One important success criterion is to eliminate the mundane aspects of "building a website", and otherwise get out of the way.

This is very much a speaking artifact: Since the ultimate goal is to create better conditions for developing dense hypermedia on the Web by retrofitting it with the capabilities of systems that preceded it (real and imagined), there are a number of subsidiary problems that need to be solved, and this system implements concrete ways to solve them.

Links are first-class citizens

Before we can do anything related to dense hypermedia, we have to solve for link rot. The median URL has a lifespan that can be measured in weeks. If you have orders of magnitude more addressable resources under management than the median, this kind of performance is a non-starter. Link rot doesn't need to happen (at least, for now, up to keeping one's domain name bill paid), but what does need to happen in order to fix it is a radical rethinking of how Web-based software is made.

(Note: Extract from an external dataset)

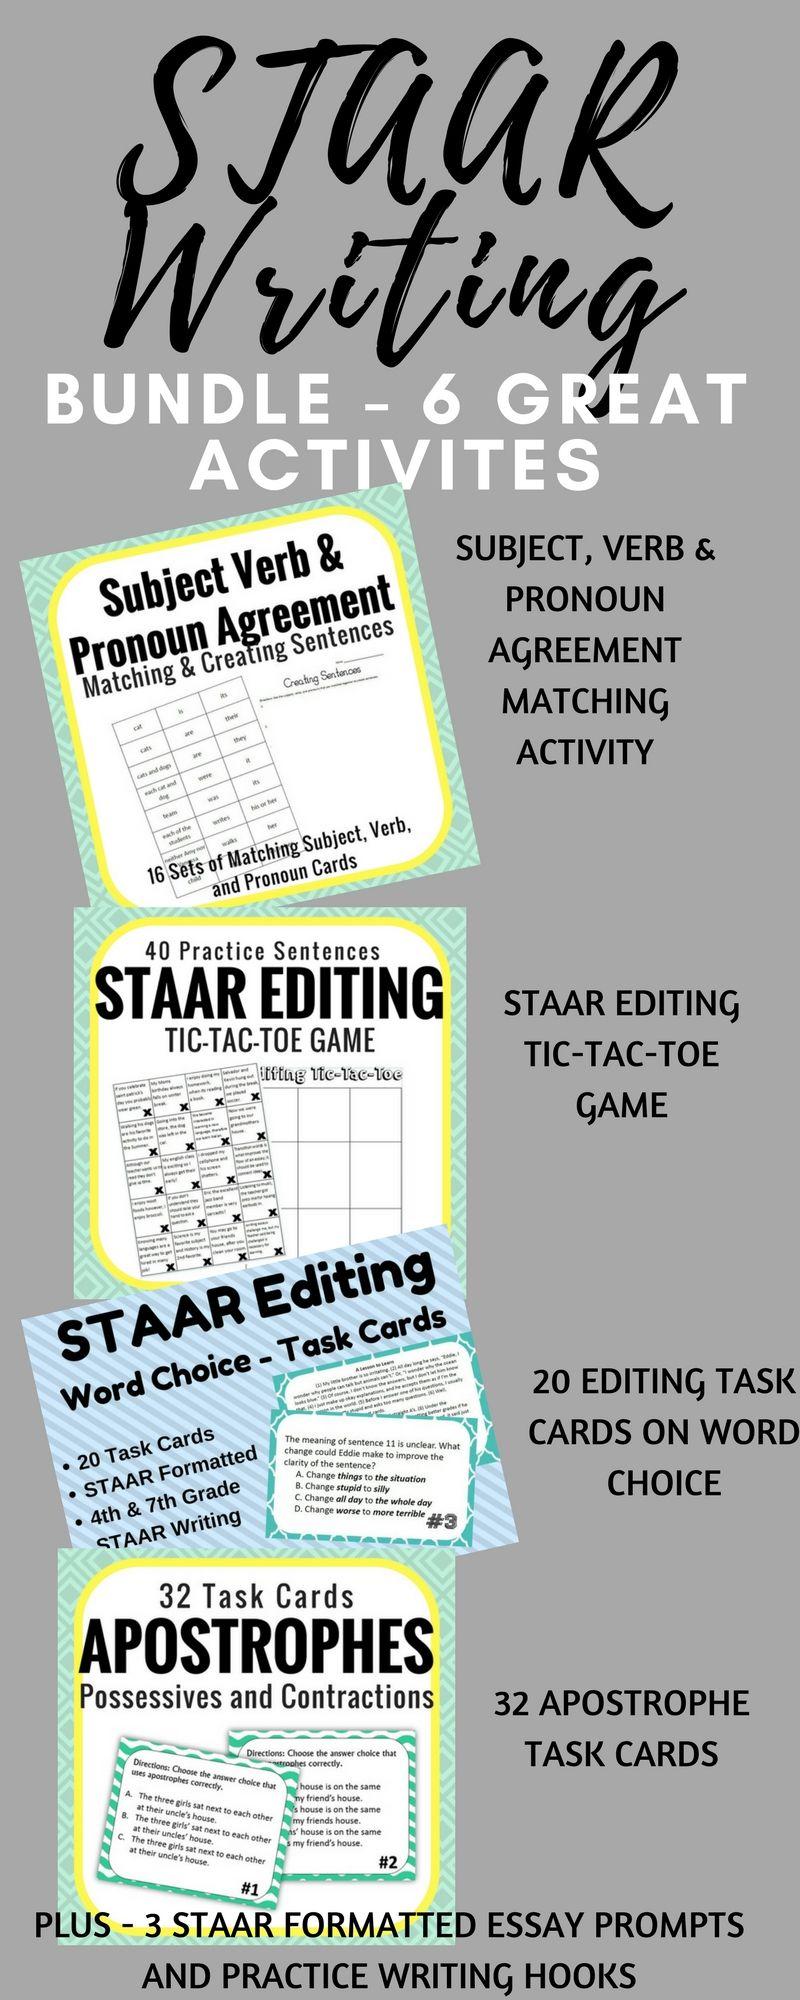 0010 STAAR Writing Test Prep Bundle Middle School Language

This system shows how to do it.

My own site, which admittedly has only been on this system since I made the latter in 2018, nevertheless still serves every URL it has ever exposed, dating back to the summer of 2008. I also use it for my client extranets, and my book project, The Nature of Software.

One ongoing criticism of the Web by Ted Nelson, who in 1960 coined the term hypertext (not to mention what it means to intertwingle), is that links only go in one direction: without extra apparatus, you can't see what links to you. Well, turns out the apparatus to display backlinks is the same apparatus as the one for eliminating link rot.

Links (and resources) have different species

The Web has three kinds of links: the conventional arc that when activating it (typically) completely replaces the representational state (both <a> and forms), what I would characterize as a "naïve embed" — images, A/V, and iframe documents — and non-printing metadata. Earlier systems had all kinds of other links besides, like stretchtext, conditional display, and proper, seamless transclusion. These of course can all be done on the Web, but the solutions are suboptimal. In particular, the embedded metadata that drives these capabilities tends to be ad-hoc and mutually incompatible, making it single-purpose for some particular UI framework or other. Many content management systems, moreover, have a concept of content type, but few systems — even sophisticated PKM systems — have a concept of link type (as in, precisely what the link means). It's the link types in conjunction with the content types that make it possible to derive how they ought to be rendered in the user interface.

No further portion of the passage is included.